--- Data provided ---
↓
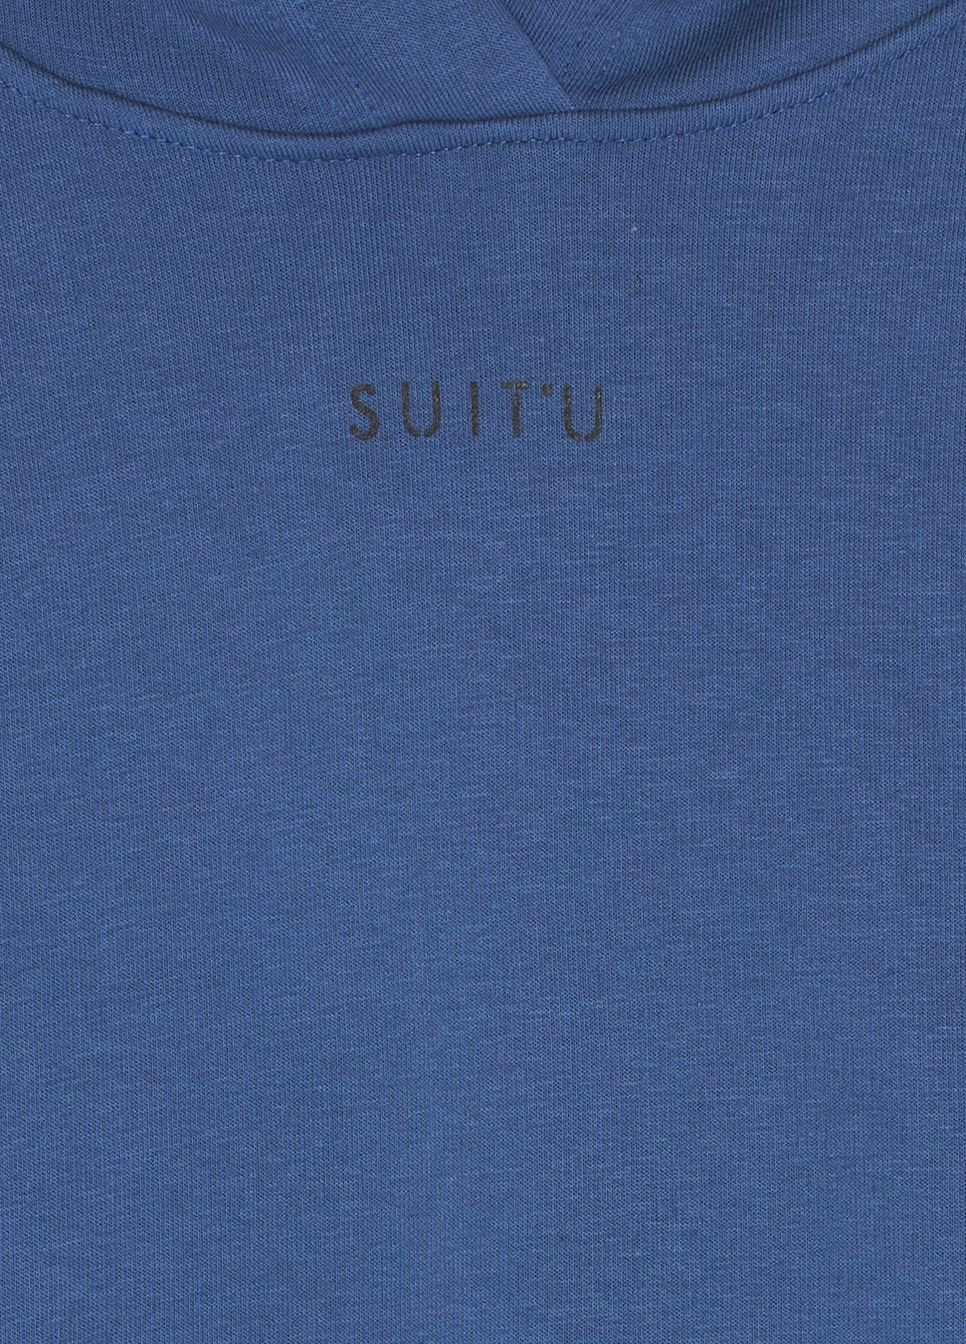 Худі фліс,індіго,Suit`u Suit'u (265011181)
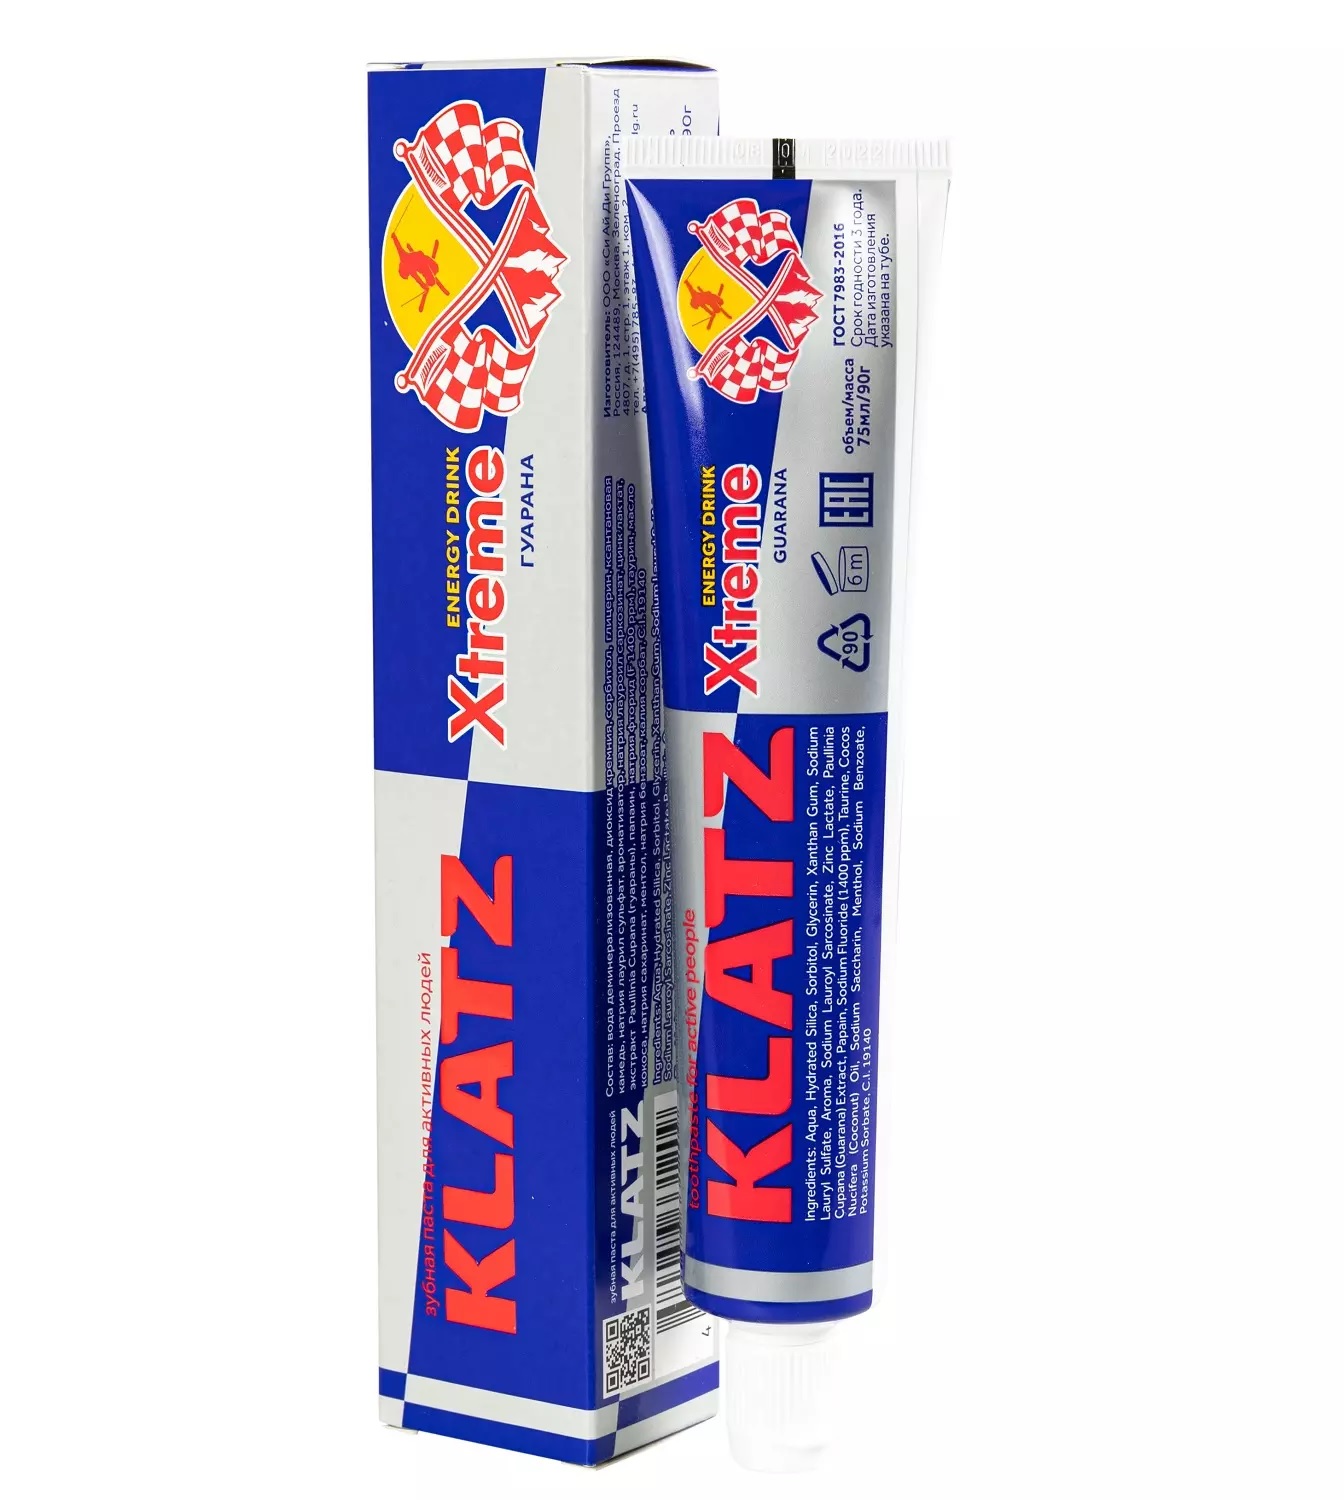 Паста зубная Klatz X-treme Energy Drink для активных людей, гуарана, 75 мл klatz зубная паста для активных людей женьшень 75 мл
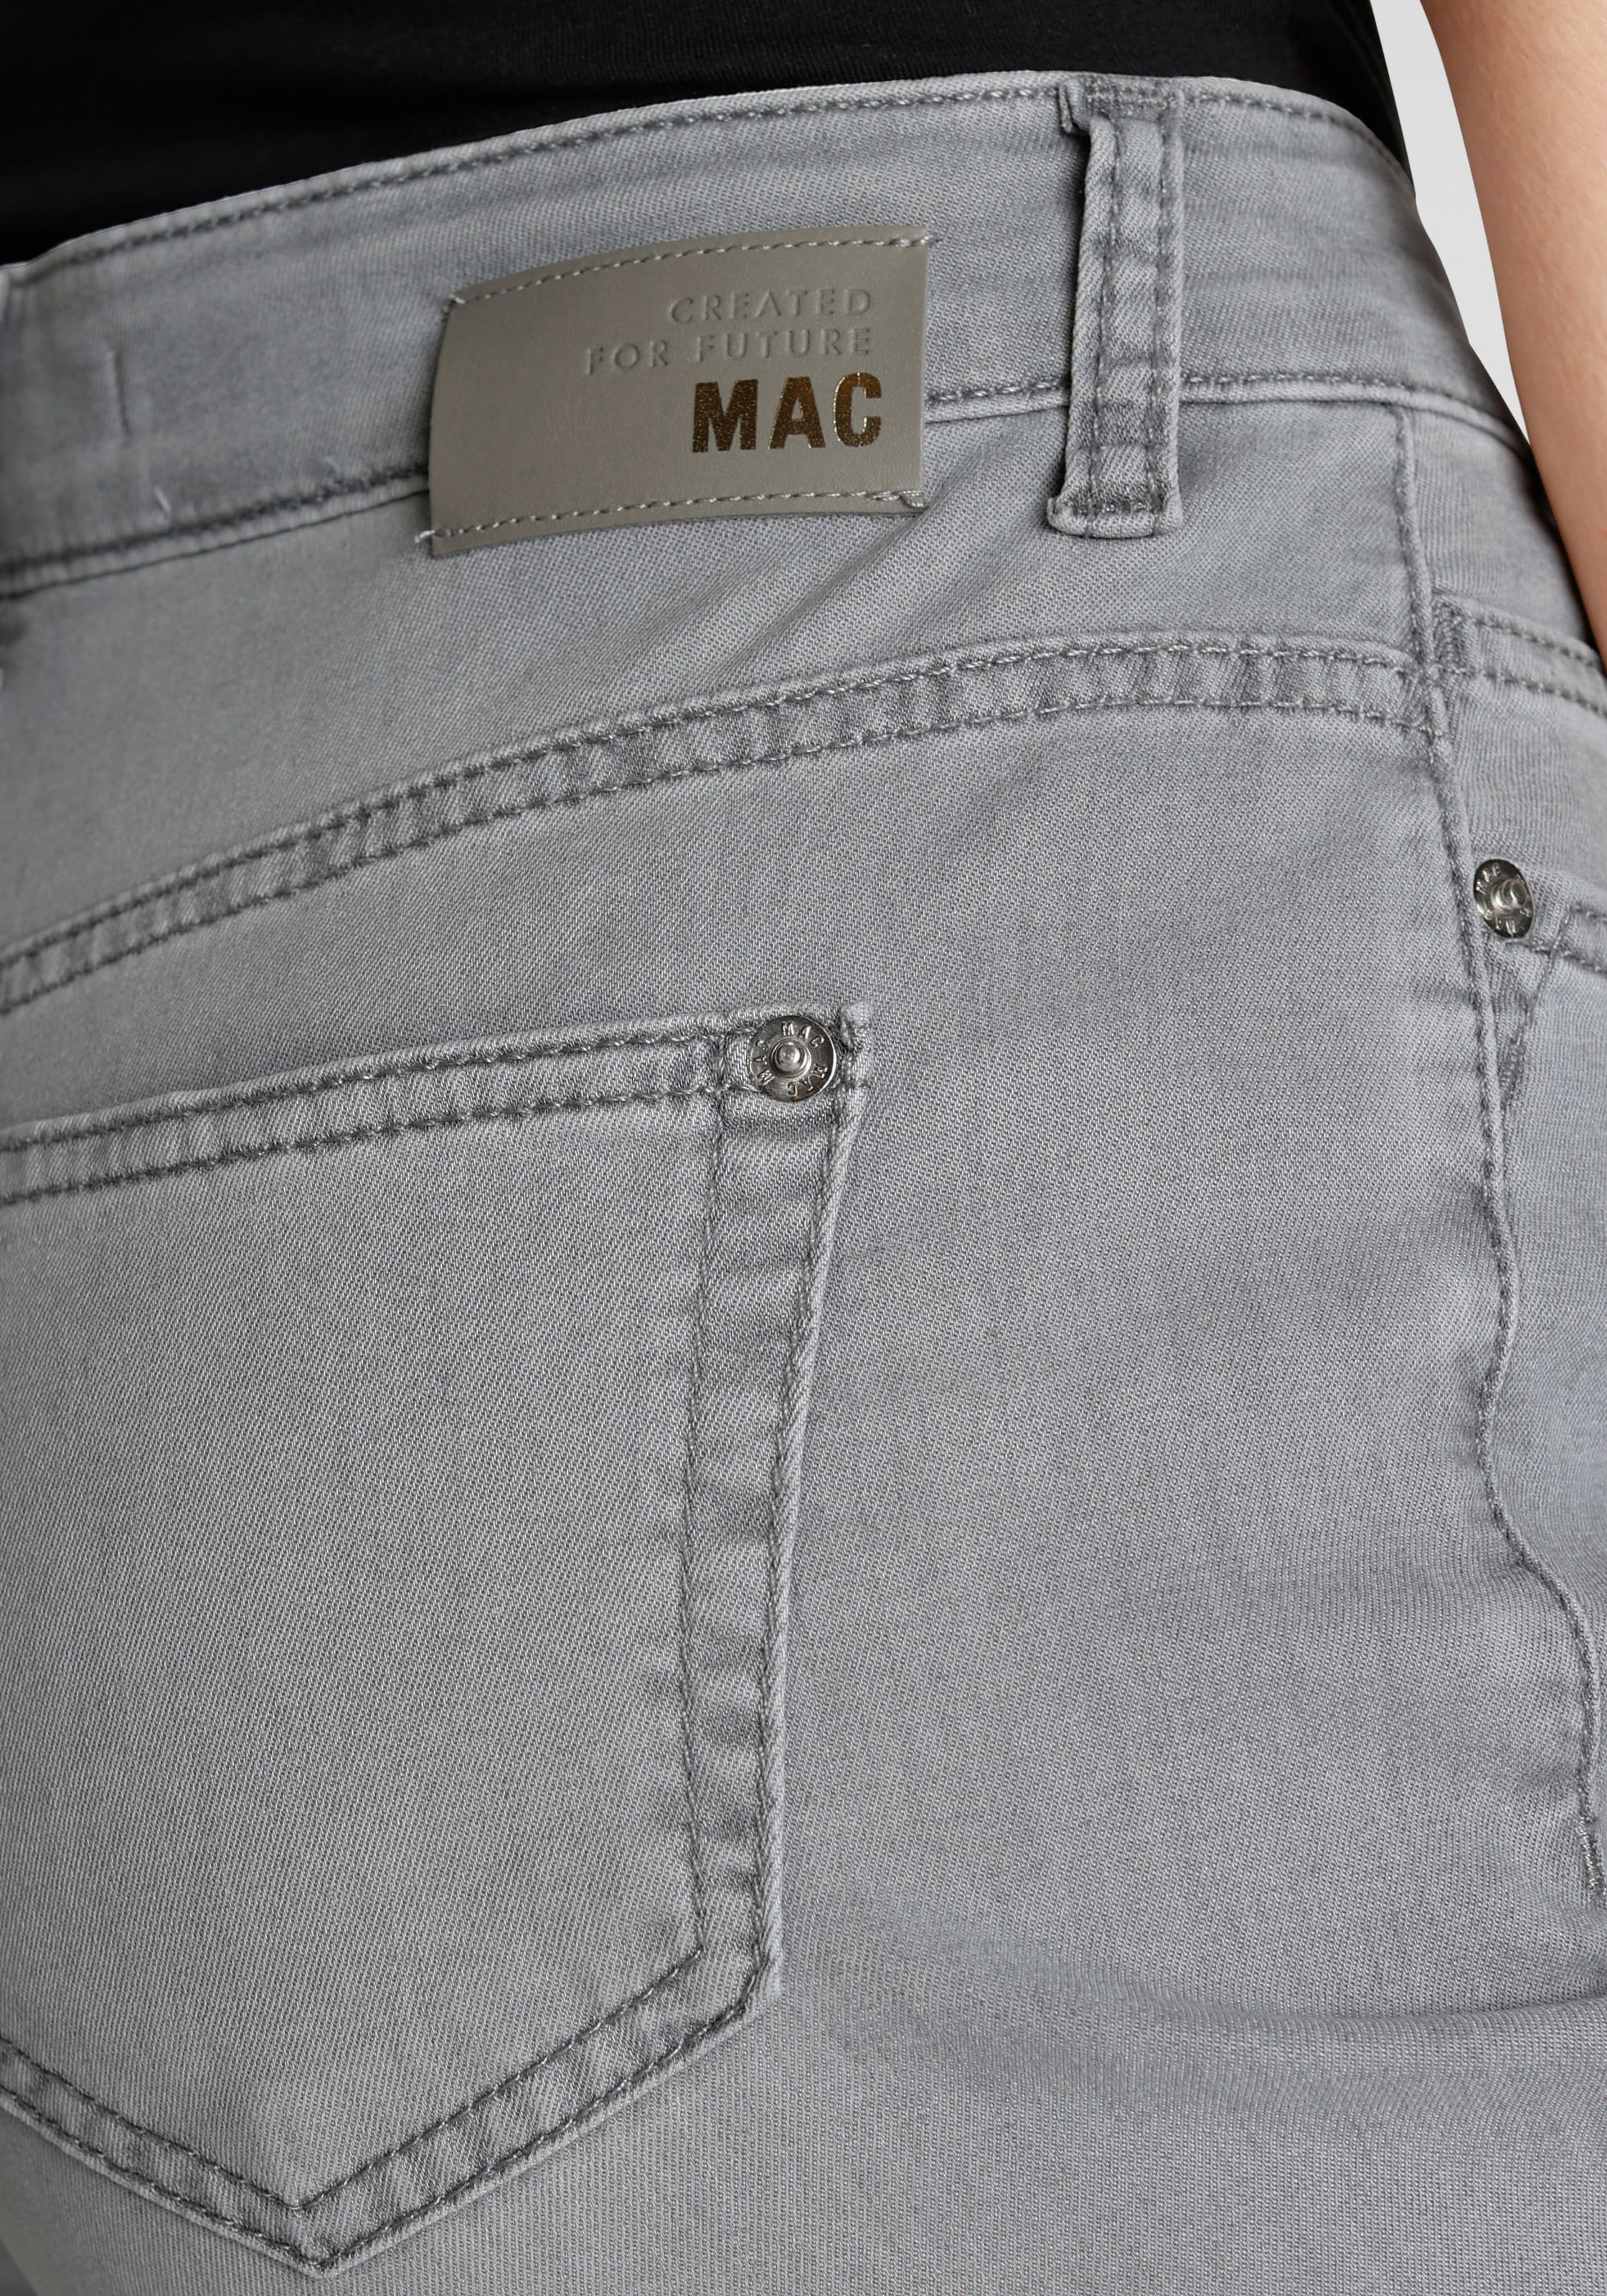 Gerader MAC Beinverlauf kaufen »Stella«, Jeans Bequeme
↑
--- Aim of the exercise ---
An exact repetition of the listing is needed, with the pictures dropped.

--- Exercise solution ---
 Худі фліс,індіго,Suit`u Suit'u (265011181)
 Паста зубная Klatz X-treme Energy Drink для активных людей, гуарана, 75 мл klatz зубная паста для активных людей женьшень 75 мл
 Gerader MAC Beinverlauf kaufen »Stella«, Jeans Bequeme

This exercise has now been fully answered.